In a way, the Iraqi government has no one to blame but itself. The financial terms given in the West Qurna oilfields were lousy (at best) for the western oil companies. No doubt the government did this in response for the almost total destruction of the country by mostly U.S. armed forces. But it seems they shot themselves in the foot in their quest for payback. It's a shame, for the oil fields are so prolific there was plenty of money to share for everyone. An extra few dollars/barrel to the western oil companies was all that was needed.
data by YCharts
XOM = $90.80
Mkt Cap = $414 Billion
P/E ((ttm)) = 9.6
EPS ((ttm)) = $9.46
Div (Yield) = $2.28 (2.5%)
So keep your eye on news of a big Turkey/KRG/Western_Oil_Cos energy infrastructure deal. If this deal gets made, a pipeline built, and oil moving from Iraqi Kurdistan through Turkey to the rest of the world, it could be huge for Exxon Mobil. Iraqi Kurdistan is estimated to have potential oil reserves of 45 billion barrels, one-third of Iraq's total. And Exxon will be receiving much more lucrative terms from the KRG. The KRG knows which side their bread is buttered on.
And don't forget Chevron, who has also signed contracts with the KRG.
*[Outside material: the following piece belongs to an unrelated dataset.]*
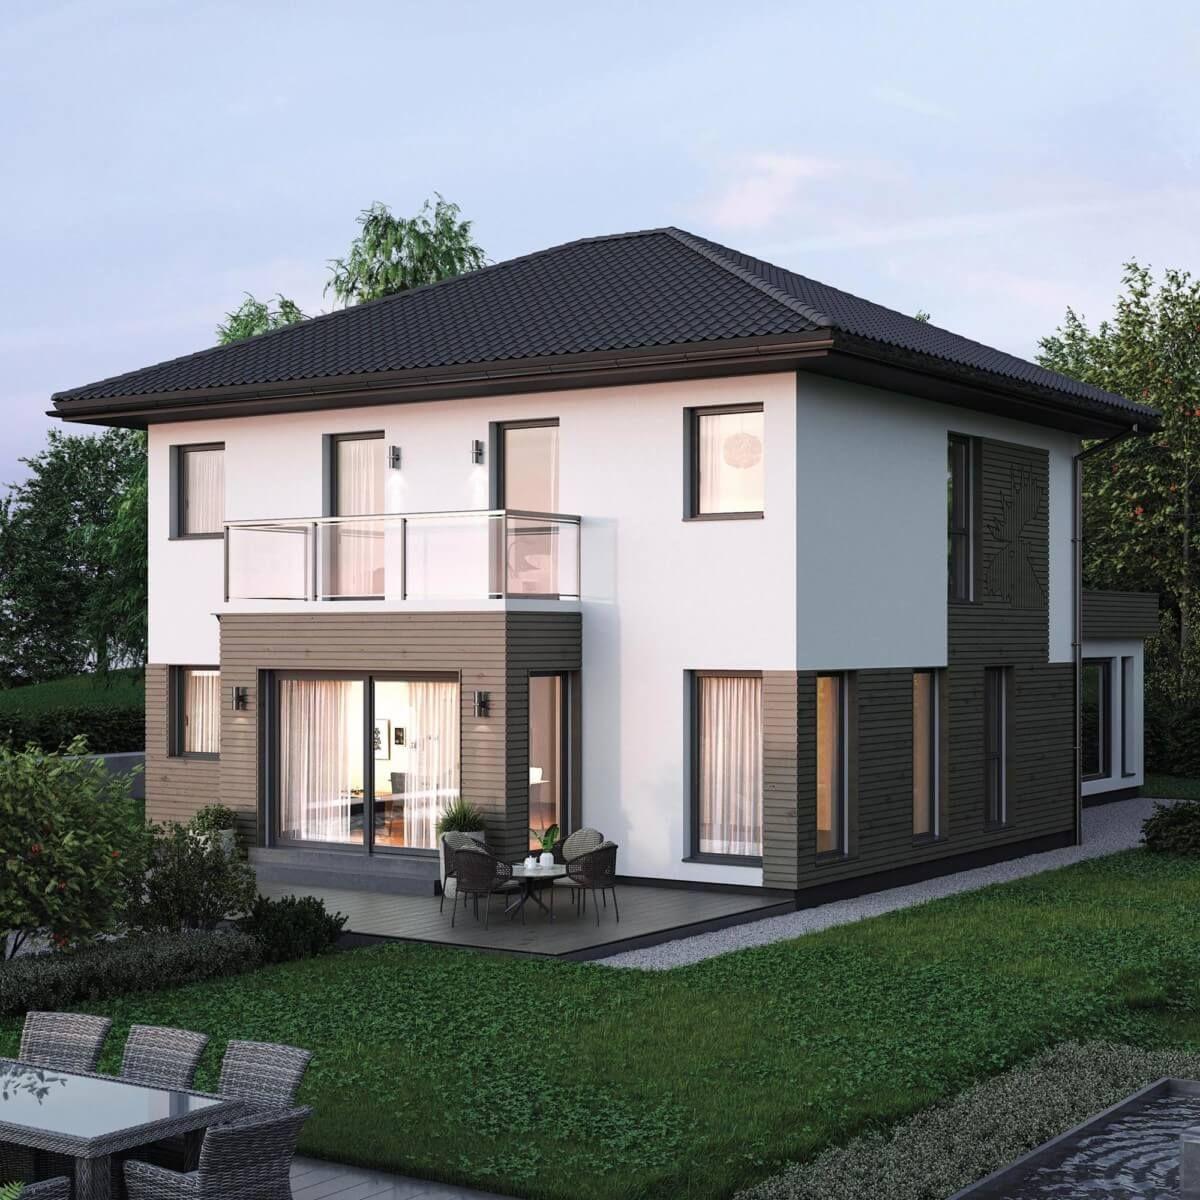 Stadtvilla modern mit Büro Anbau, Holz Fassade & Walmdach

Wouldn't it be ironic, if, after all the war in Iraq, principally conducted by the U.S. and its western allies, Russia and China got the bulk of the oil deals in Iraq (2/3 of all Iraqi oil reserves), and western oil majors got the bulk of the deals in Iraqi Kurdistan (1/3 of all Iraqi oil reserves)? That said, in true capitalistic style, the return on investment in the north will certainly be better if existing contracts remain unmodified.
data by YCharts
CVX = $115.24
Mkt Cap = $226 Billion
P/E ((ttm)) = 9.5
EPS ((ttm)) = $12.19
Div (Yield) = $3.60 (3.1%)
Financial data courtesy of Yahoo! Finance.
Additional disclosure: I am an engineer, not a CFA. Please do your own research and contact your investment adviser. I am not responsible for investment decisions you make. Thanks for reading and good luck!